Regex plus checksum: `PHONE_NUMBER` `MY_NUMBER` `MY_NUMBER_CORPORATE` `CREDIT_CARD` `PASSPORT` `DRIVER_LICENSE` `HEALTH_INSURANCE` `RESIDENCE_CARD` `POSTAL_CODE` `EMAIL_ADDRESS` `IP_ADDRESS` `URL`

`URL`, `HEALTH_INSURANCE`, and `DRIVER_LICENSE` are excluded from the default profile because they fire too often in source repos. Pass `--entities ALL` to include them, or `--entities PHONE_NUMBER,EMAIL_ADDRESS` to scan a specific subset.

## Verification

Each finding carries one of three labels.

- `passed` — checksum validated by Luhn, My Number, or corporate-number rules, or a contextual keyword sits within range.
- `failed` — checksum failed; likely a false positive.
- `unverified` — no validator matched and no contextual keyword was found.

`--only-verified` keeps `passed` only.

## Output

| `--report-format` | Use case |
|---|---|
| `human` default | colorized table on stdout |
| `json` | machine-readable |
| `sarif` | SARIF 2.1.0 for GitHub Code Scanning |

`--report-path FILE` writes to a file.

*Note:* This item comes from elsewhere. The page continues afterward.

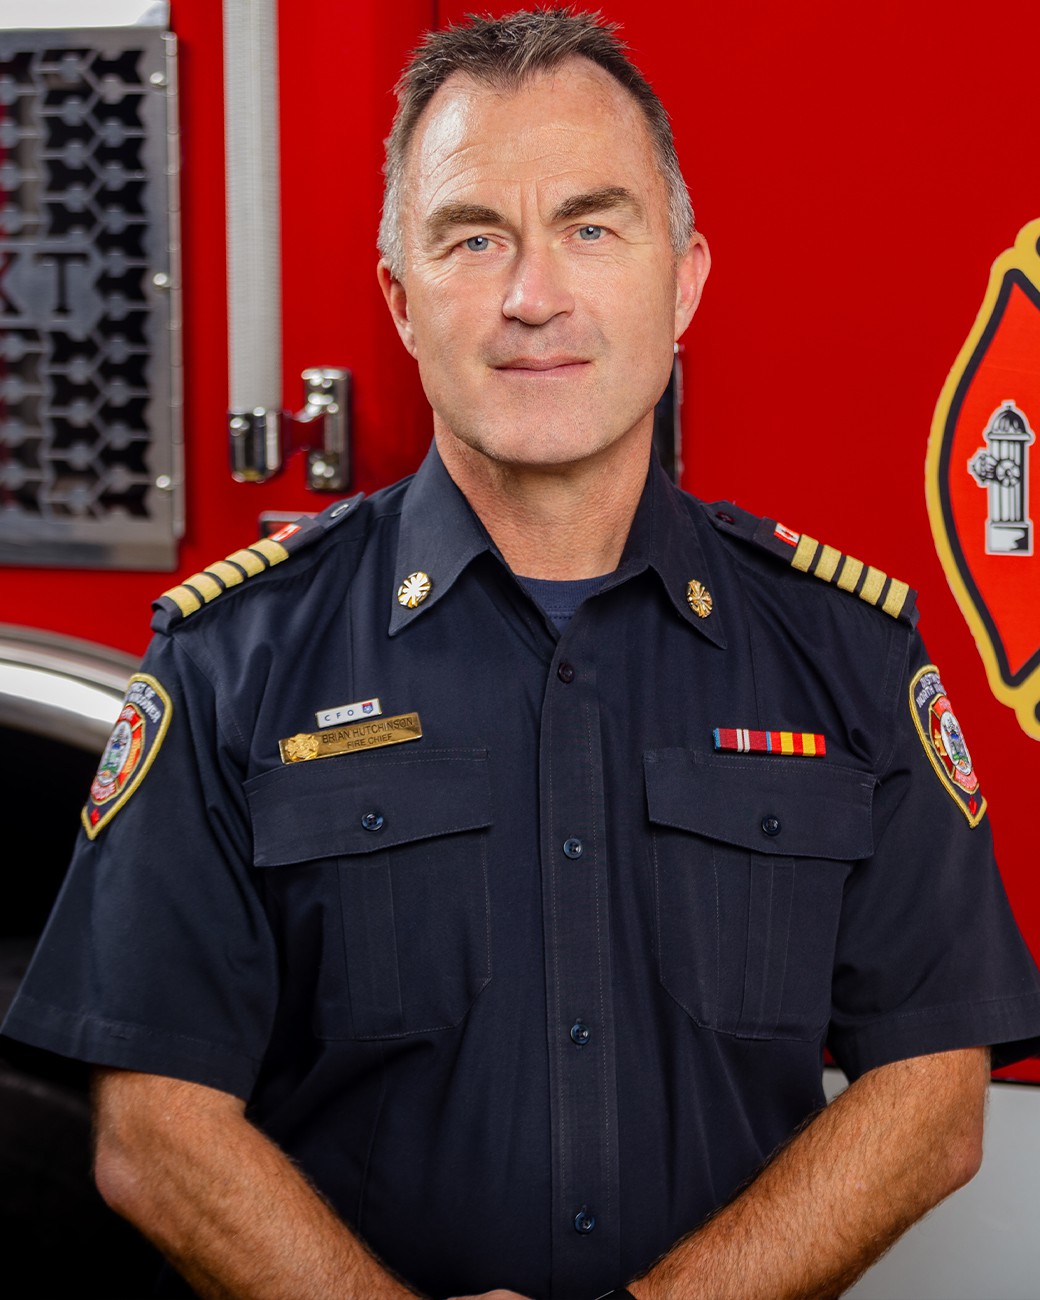 Fire Chief Brian Hutchinson
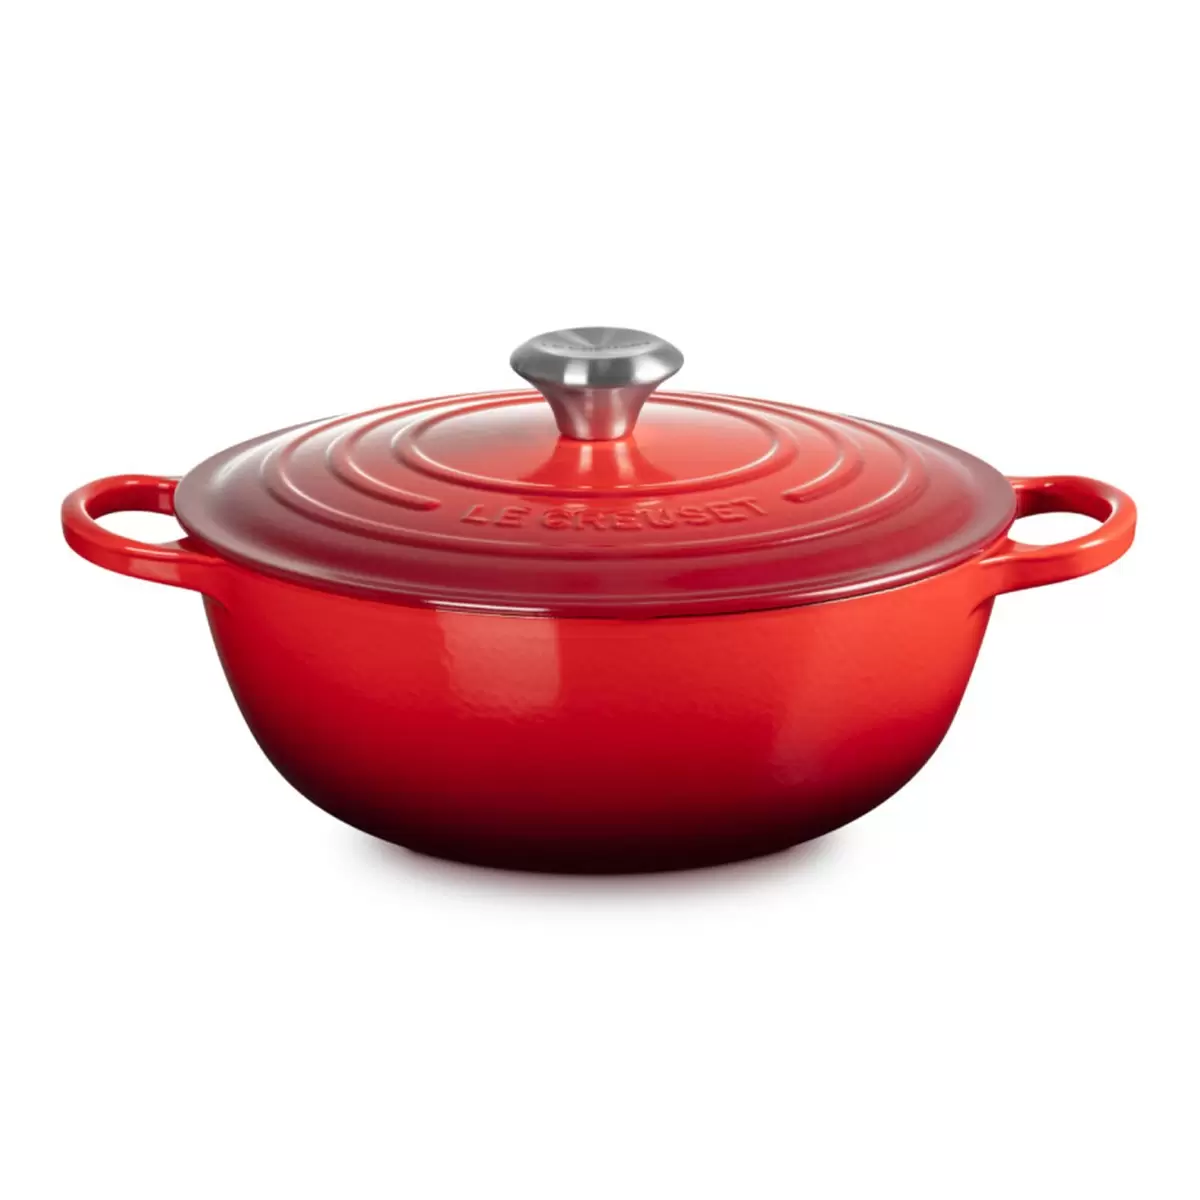 Le Creuset 琺瑯鑄鐵媽咪鍋 含鋼頭鍋蓋 28公分 櫻桃紅

Exit code is `0` for no findings, `1` when findings are present, `2` for usage errors.

## Suppression

A `.plenoignore` file at the repo root is read automatically.

```
docs/samples/**          # path glob in gitignore syntax
PHONE_NUMBER             # entity-wide
finding:7a3b8c9d         # specific finding fingerprint
```

Inline directives:

```py
SUPPORT_PHONE = "0120-123-456"  # pleno:ignore PHONE_NUMBER
EXAMPLE_EMAIL = "user@example.com"  # pleno:ignore
```

`pleno-pii-scanner baseline` writes a fingerprint list of current findings; passing `--baseline FILE` later suppresses those known findings.

## Key flags

| Flag | Default | Role |
|---|---|---|
| `--entities` | default profile | restrict detection set, `PHONE,EMAIL` or `ALL` |
| `--language` | `ja` | analysis language, `ja` or `en` |
| `--base-url` | unset | offload to a remote pleno-anonymize |
| `--api-key` | unset | Bearer token for offload |
| `--concurrency` | 8 | parallel HTTP requests in offload mode |
| `--include` / `--exclude` | unset | gitignore-style file filters |
| `--max-file-size` | 1 MB | files larger than this are skipped |
| `--only-verified` | off | keep `passed` findings only |
| `--report-format` | `human` | `human`, `json`, or `sarif` |
| `--baseline` | unset | fingerprint JSON of known findings to suppress |

`.gitignore`, a built-in skip list for `.git`, `node_modules`, `.venv`, `dist`, `build`, `vendor`, and similar directories, and a NUL-byte binary check are all on by default.